It's time to talk about micromanagement

In the early ’00s, I worked for a start-up in the education technology space. It isn’t important what we did (and the company no longer exists), but my experiences there shaped my view of what management should be like.

The worst manager

Early on, there were only about six of us: the founder and president, whom I’ll call “Paul;” the CEO, whom I’ll call “Bill;” and four tech folks including me. Paul had hired Bill to manage the operations of the business so that he could, ostensibly, focus on the sales and customer relations.

But Paul came around a lot, and he wanted to be very involved. He wanted to know what everyone was working on, he wanted to tell us what we should be doing. There was one day that I remember clearly:

Paul had come around to the office to see how a project was going for one of our newer customers. He also had meetings with other customers or prospects, at their locations, for the rest of the day. I remember him telling a colleague of mine, who was working on this new customer’s project, to email him every single hour with a status update while he was out of the office.

Every single hour.

Fortunately, Paul wasn’t like that all the time, I think he was particularly paranoid about this one customer. Still, we joked about that request for weeks; we all thought it was insane. If you need to know what’s happening each and every hour of the day, you obviously don’t trust the people doing the work.

Also fortunately, Paul wasn’t our manager. As the company grew, he became increasingly distant from the daily details. I’ve had this experience with other founders. It can be hard to let go.

The best manager

Years later, Bill left the company. Before he did, he helped Paul find his own replacement. We’ll call this new CEO “Richard.”

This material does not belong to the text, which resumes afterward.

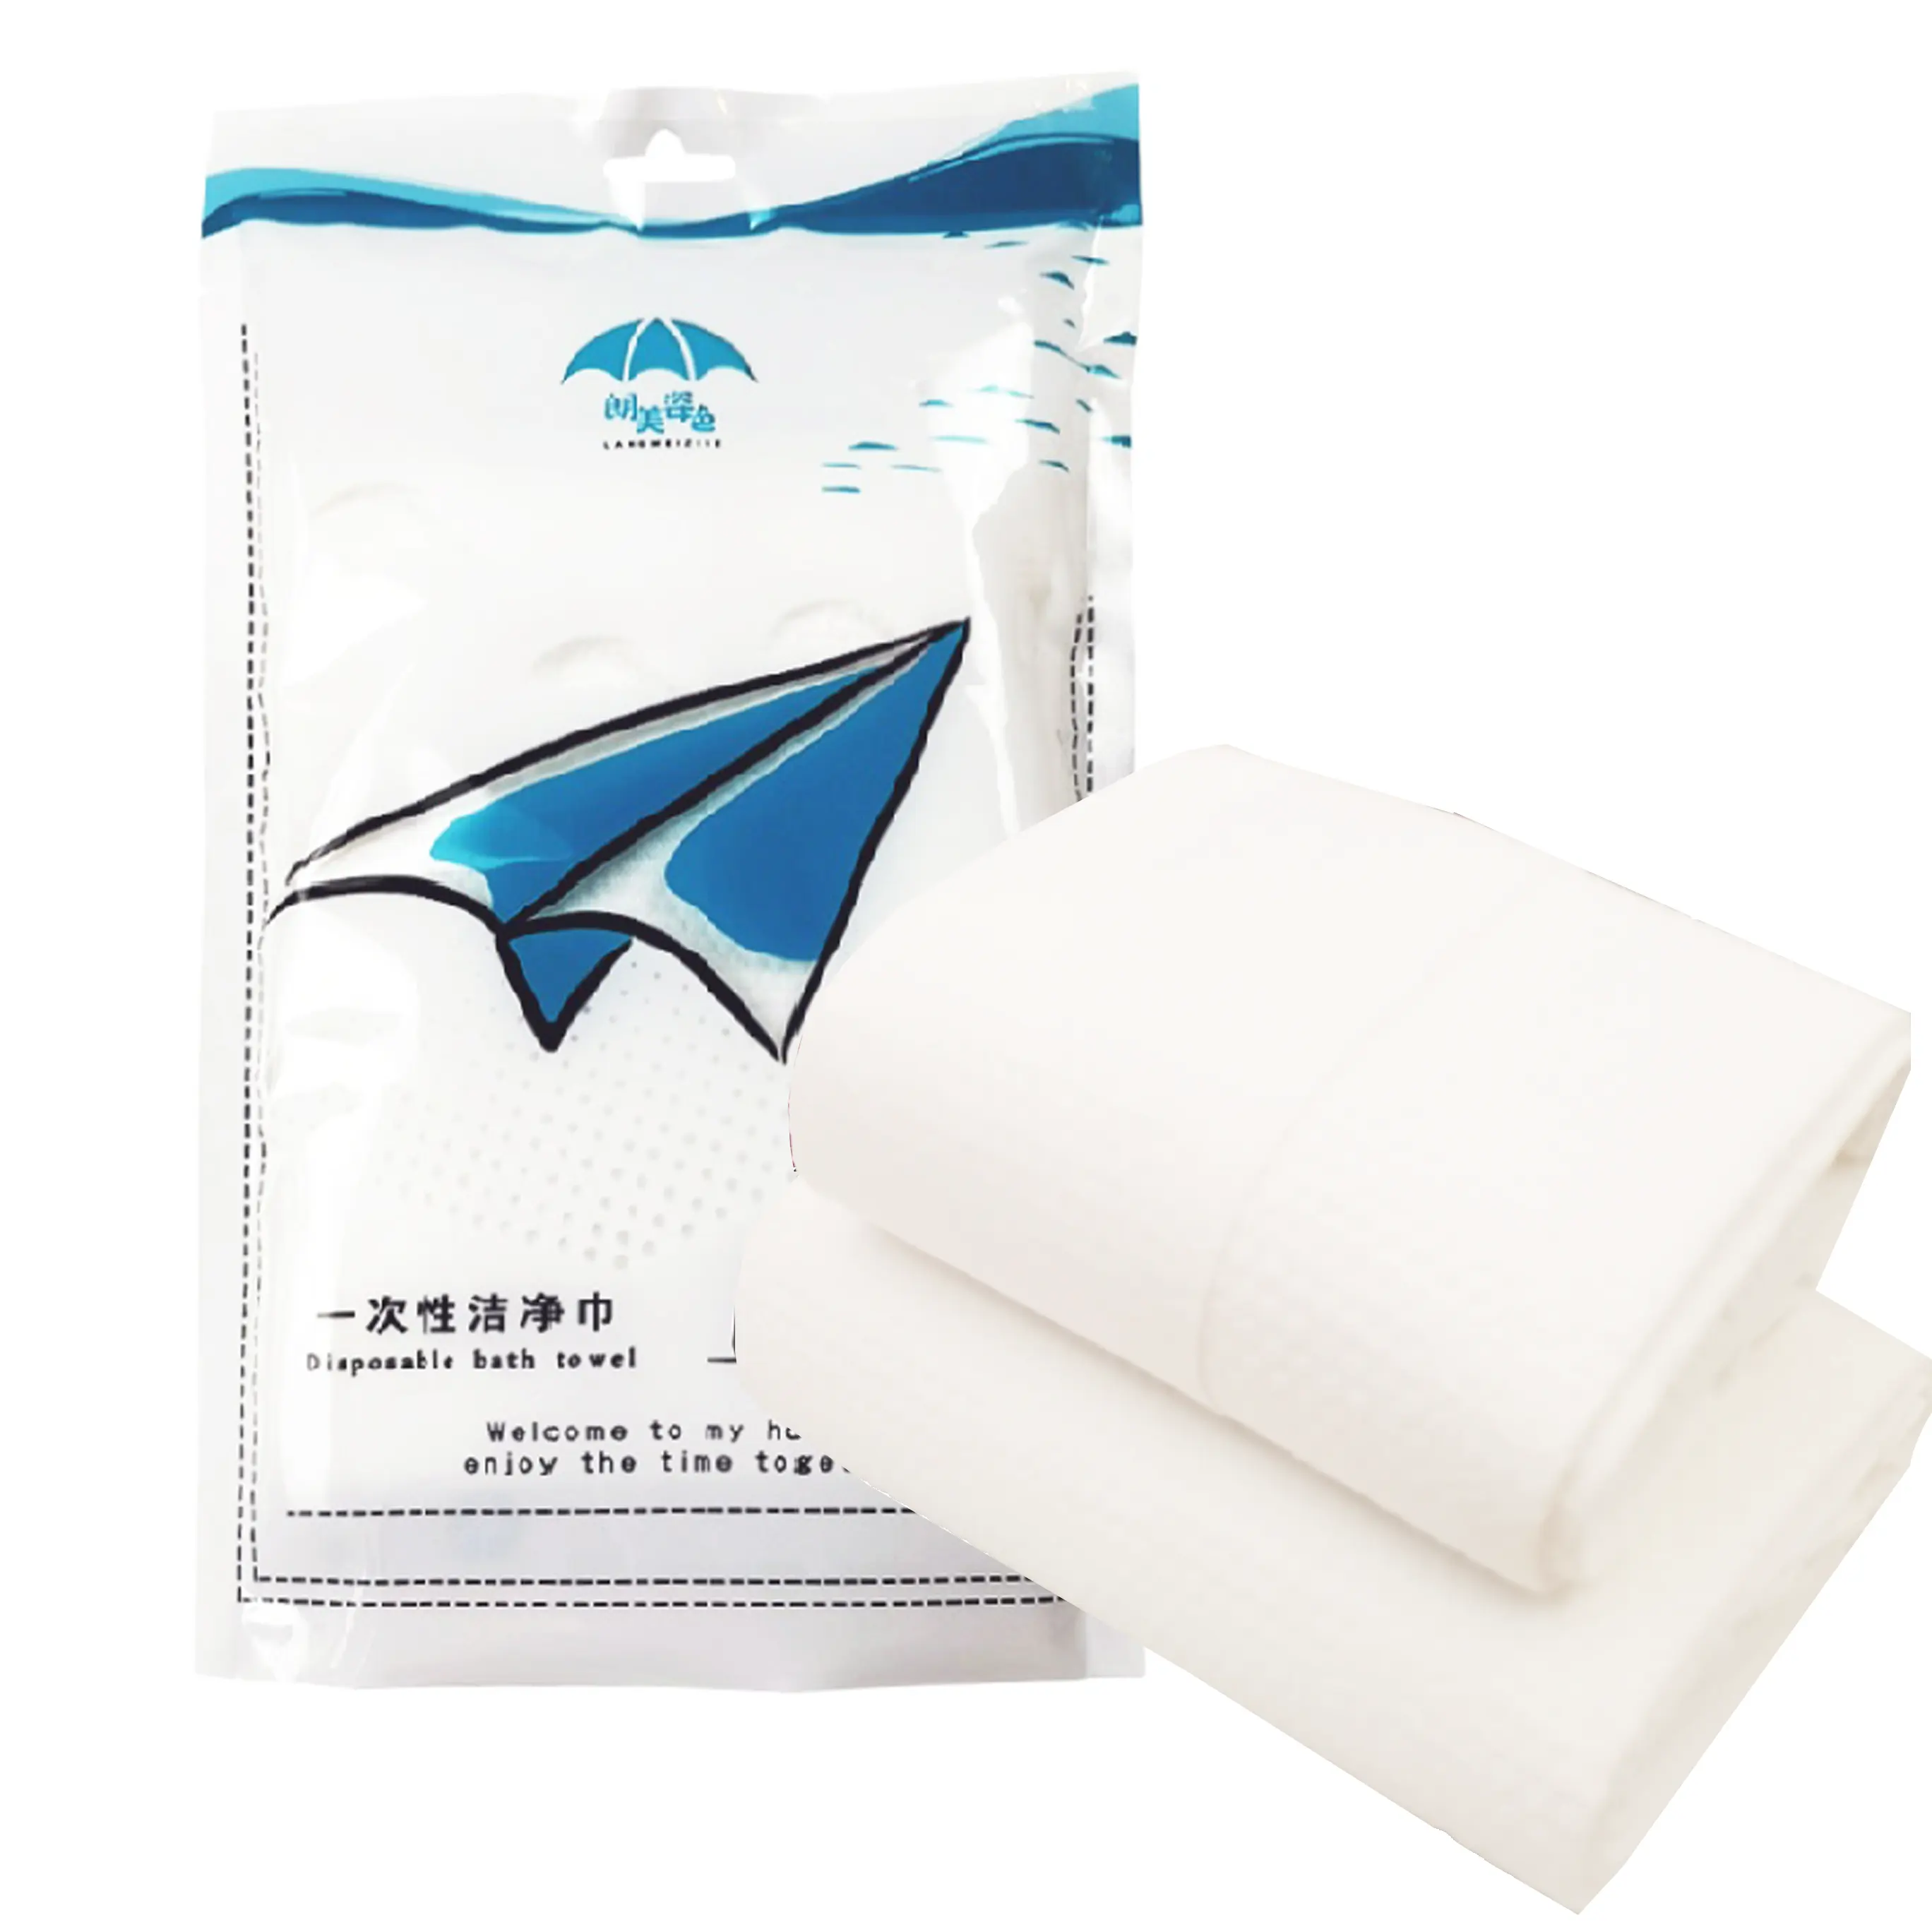 2 piezas de tela no tejida 100% viscosa toalla desechable para envolver el cuerpo, toalla de ducha desechable, juego de toallas de baño desechables

At this early point in my career, Richard was the best manager I had ever had, and he retained that title in my mind for years onward. What made him so great was his ability to understand what was important and when things needed to get done, to protect us all from the demands of our stakeholders, and to trust us to get our work done.

Richard would check in with us perhaps a couple of times a day. We could see each other from our desks, as mine was directly outside of his office, but he never tried to tell me how to break up my day.

Our little company was acquired by a national firm, and we thrived for a while, until the stresses of delivering larger and larger contracts overcame me and I had to leave. The company ultimately didn’t survive as a subsidiary of that larger firm, but I know that it was the firm’s mismanagement that led to its demise and not the way Richard ran it.

Micromanagement can be stifling

There is a reason that the top-rated managers take a hands-off approach to the work of individuals on their teams. People want to be led, guided, coached; they don’t want to be told exactly what to do.

That’s why the second principle of The Engineering Manager’s Charter is “Tell me the goal, not the steps to take.” So much of the learning, and the fun, is in figuring out the steps to take. Don’t rob your team of that experience.

But, I say that micromanagement can be stifling because there is always a time when a specific directive is useful. To understand how and when to apply different styles, I like the framing of Paul Hersey and Ken Blanchard’s “Situational Leadership Theory.”

In the Situational Leadership model, a team member is located at one of four “maturity levels” (which can vary by task), and those are:

  1. Unable and insecure

  2. Unable but confident

  3. Capable but unwilling

  4. Very capable

Based on where an individual is within that continuum, you adjust your leadership style accordingly, either “telling” or “delegating.”

In my experience, “telling” is only productive at the initial skill levels. Even novice engineers want the space to explore, make mistakes, and learn from them. Be deliberate about when you give someone an order versus when you give them a suggestion.

Leading, and managing, thoughtfully

You probably want some concrete tips or suggestions for leading effectively without stifling your team, so here they are.

Limit check-ins

Unless the deadline for the work is imminent, like within hours, don’t check in constantly. Even if it is, be careful not to distract the individual doing the work with requests for updates on the work.

I like agile methodologies that promote ongoing asynchronous updates (like comments on GitHub or Jira tickets or similar) and daily in-person updates (like stand-ups, either face-to-face or on video chat or in Slack).

Set SMART goals

As individuals become more self-sufficient and no longer need you to tell them exactly what steps to take, transition to providing more abstract goals, but make the SMART:

  • Specific

  • Measurable

  • Achievable

  • Relevant

  • Time-bound

Note that “specific” doesn’t mean telling someone exactly what to do, it means that the goal is focused on a single thing, a specific objective.

Transition toward coaching

Coaching is the opposite of micromanagement. When a micromanager wants to define each step in detail, a coach asks the question “what steps will you take?”

The goal is to reach a point where everyone in your team understands the goals and their purpose, is adequately skilled to do the work or to learn what they don’t know on their own, and needs your help only to guide and inspire them.

Using a coaching methodology, you can help people find their way through their own sticky problems, and provide a “north star” to navigate toward. Working for people who do this very well is joyful.